The Department of Environment: (DoE) has distanced itself from a decision allowing the filling in of part of the ironshore on North West Point for a luxury property development project.
In a statement dated, May 6th regarding the decision which is being questioned by some residents in the area and environment campaigners, the DoE said its recommendations were ignored.
“We highlighted that there would be impacts to the marine environment from this filling,” the DoE said while pointing out that “the Central Planning Authority (CPA) may accept or reject these recommendations when they make their decision.”
“Our recommendations were not followed,” the DOE said.
According to the Department of Environment, it was made aware of activity at the site (called Serrana) and sent its Conservation Officers to assess the situation.

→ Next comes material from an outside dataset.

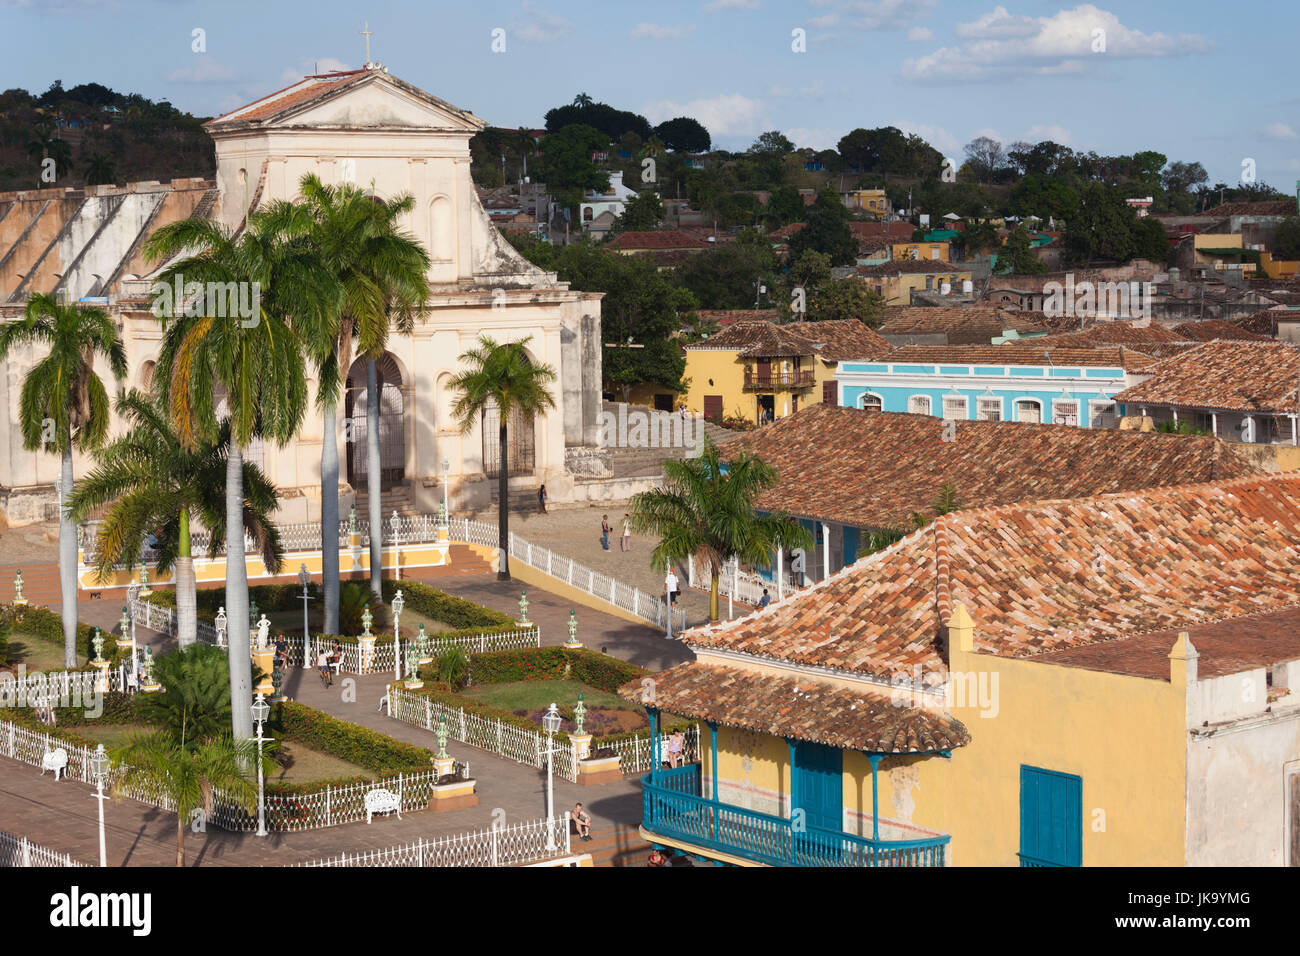 La province de Sancti Spiritus, Cuba, Trinidad, augmentation de la vue sur la Plaza Mayor, la fin de l'après-midi Banque D'Images

The DoE said it was previously consulted on plans for the development in 2019, which included partially filling the barcadere and a reduced setback from the sea.
“We recommended that the proposed building be relocated further from the sea to increase the coastal setbacks (to meet the minimum legal requirement under the Development and Planning Regulations) and avoid the need to fill the barcadere,” it said.
The DoE also explained: “We highlighted that there would be impacts to the marine environment from this filling.”
However, it also points out that The Central Planning Authority (CPA) may accept or reject these recommendations when they make their decision,” adding that in this case “our recommendations were not followed.”
In March 2020, the CPA granted permission for the development, including a variance to the standard coastal setbacks allowing it to be built closer to the sea, and partially filling the barcadere.
According to the DoE, “As these works were given planning permission and fall within the landowners’ boundary, this is the jurisdiction of the Planning Department.”
Under its mandate, the 13 member CPA decides whether or not to support an application for Development and dictates any conditions of approval if applicable.
The environmental impact of residential and commercial projects in Cayman, was a prominent factor in the recent election campaign and is expected to form a key pillar of the policies of the new PACT administration led by Premier Wayne Panton.
Mr Panton, a previous environment minister, has given the issue an even higher profile and priority by renaming it the Ministry of Sustainability and Climate Resiliency for which he has taken direct portfolio responsibility.